The AS/NZS 1200 standard is a joint Australian/New Zealand Standard, for the requirements of pressure equipment which aims to promote safety and uniformity throughout Australia and New Zealand.

==History==

This Standard was originally published in 1931 as CB1 - SAA Boiler Code. It was subsequently issued in 1963 and 1967. In 1972, the Standard was issued under the designation AS 1200. The 2nd, 3rd and 4th editions were published in 1978, 1981 and 1988 respectively.
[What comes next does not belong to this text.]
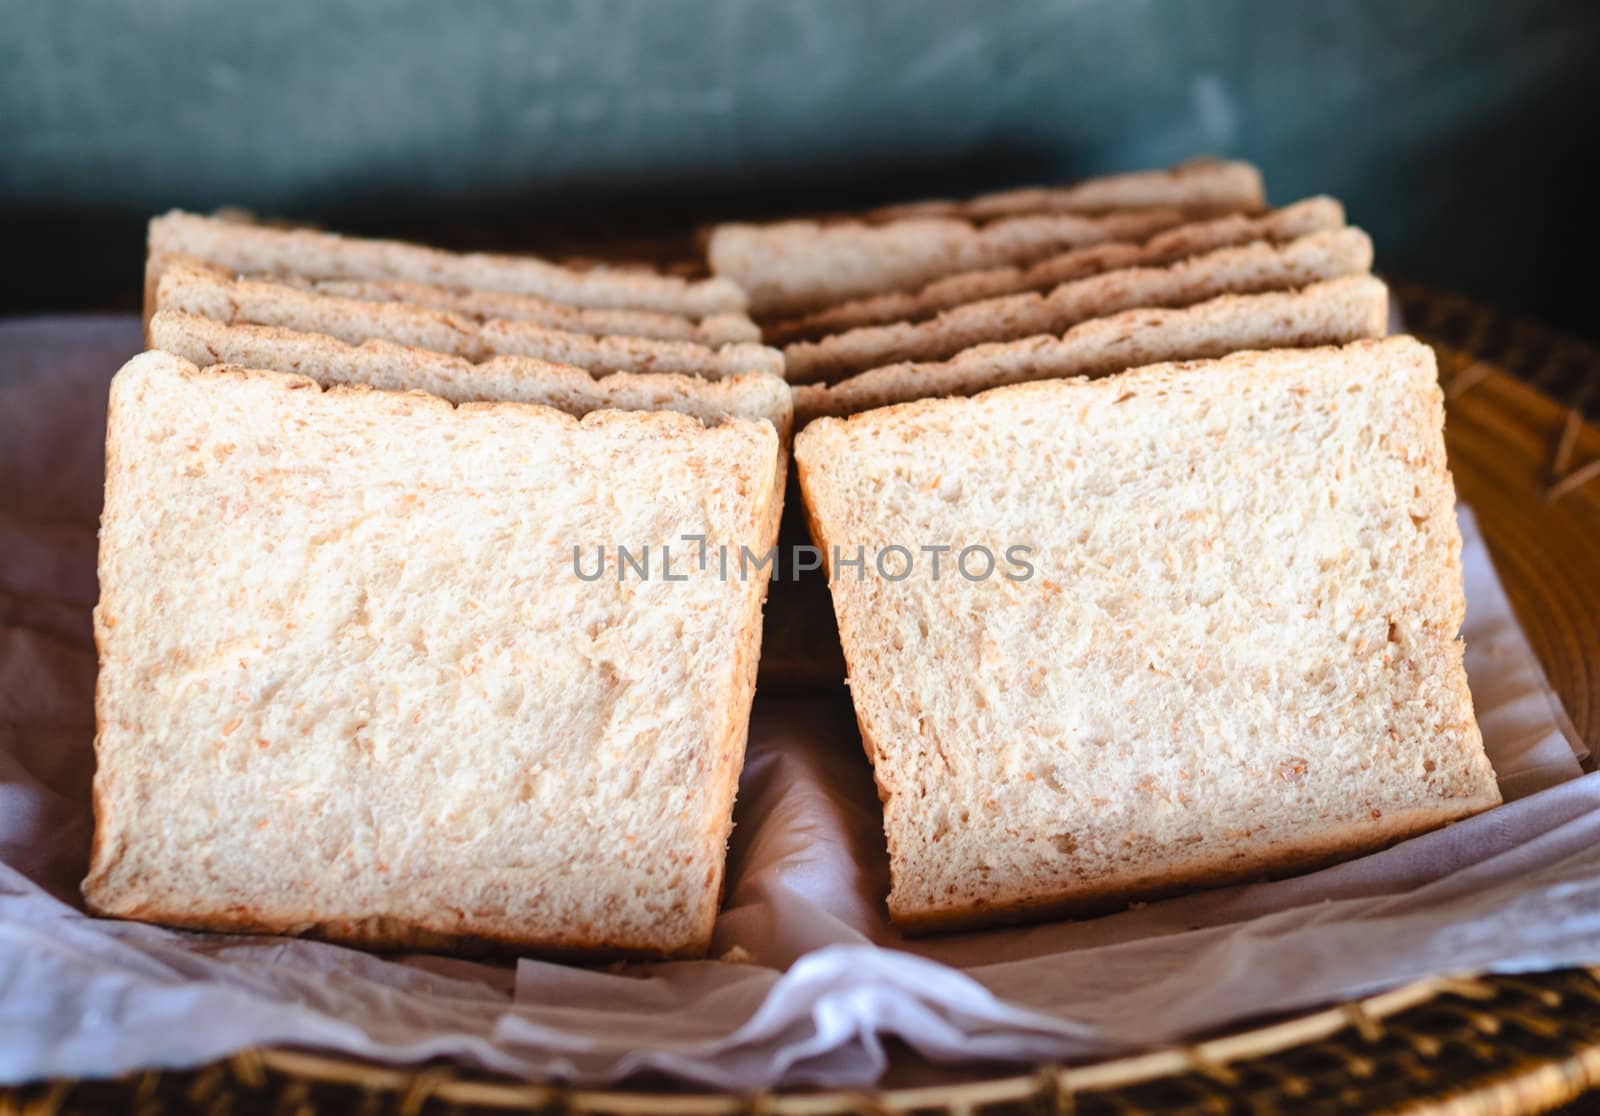 Closeup of sliced bread

In 1994 the Standard was jointed revised and issued under the designation AS/NZS 1200. The latest and 6th edition was published in 2000.

==Abstract==
This Standard is a 'parent' document which sets out basic requirements and good practice for the design, materials, manufacture, examination, testing, installation, conformity assessment, commissioning, operation, inspection, maintenance, repair, alteration and disposal of pressure equipment (boilers, pressure vessels and pressure piping) but excluding gas cylinders, blast furnaces, pipelines, fire extinguishers, storage tanks to name a few.
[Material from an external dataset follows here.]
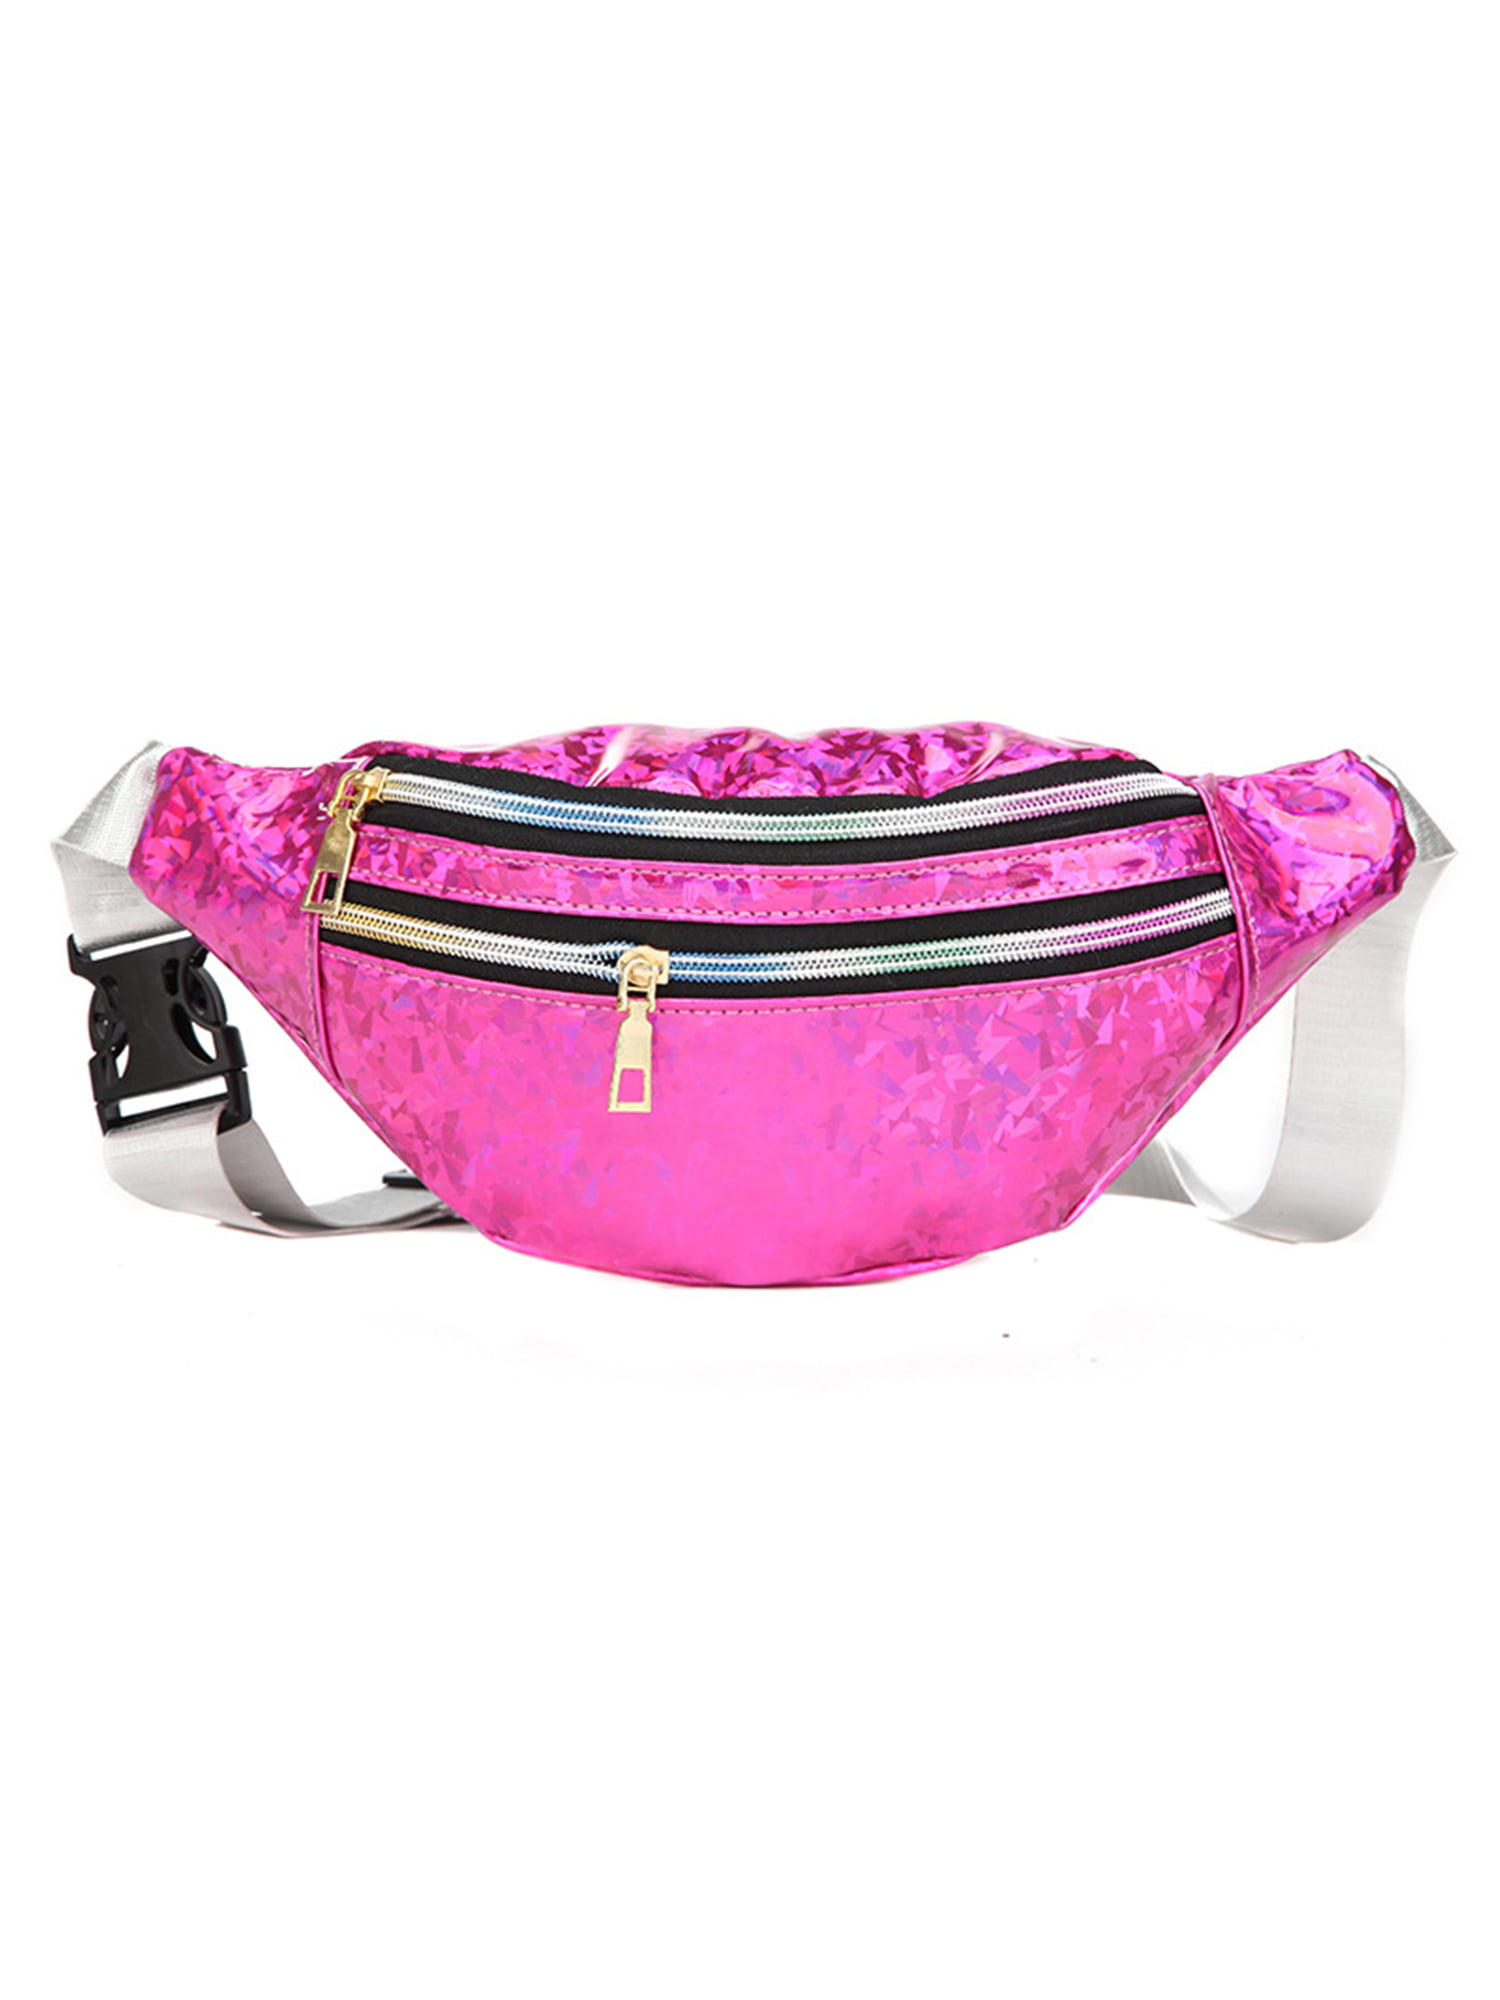 pink fanny pack waist bag womens leather hobo bag luxury fashion high  quality

As a 'parent' document this Standard specifies specific requirements to pressure equipment by making reference to a range of Australian, New Zealand and other Standards.

==Requirements and Compliance==

Equipment to be used in Australia or New Zealand must meet the following requirements:
- Compliance with the Standards listed in this Standard, including international Standards, or those equivalently agreed between all parties.
- Compliance with all applicable legal jurisdictions.
- Compliance with the contract documents.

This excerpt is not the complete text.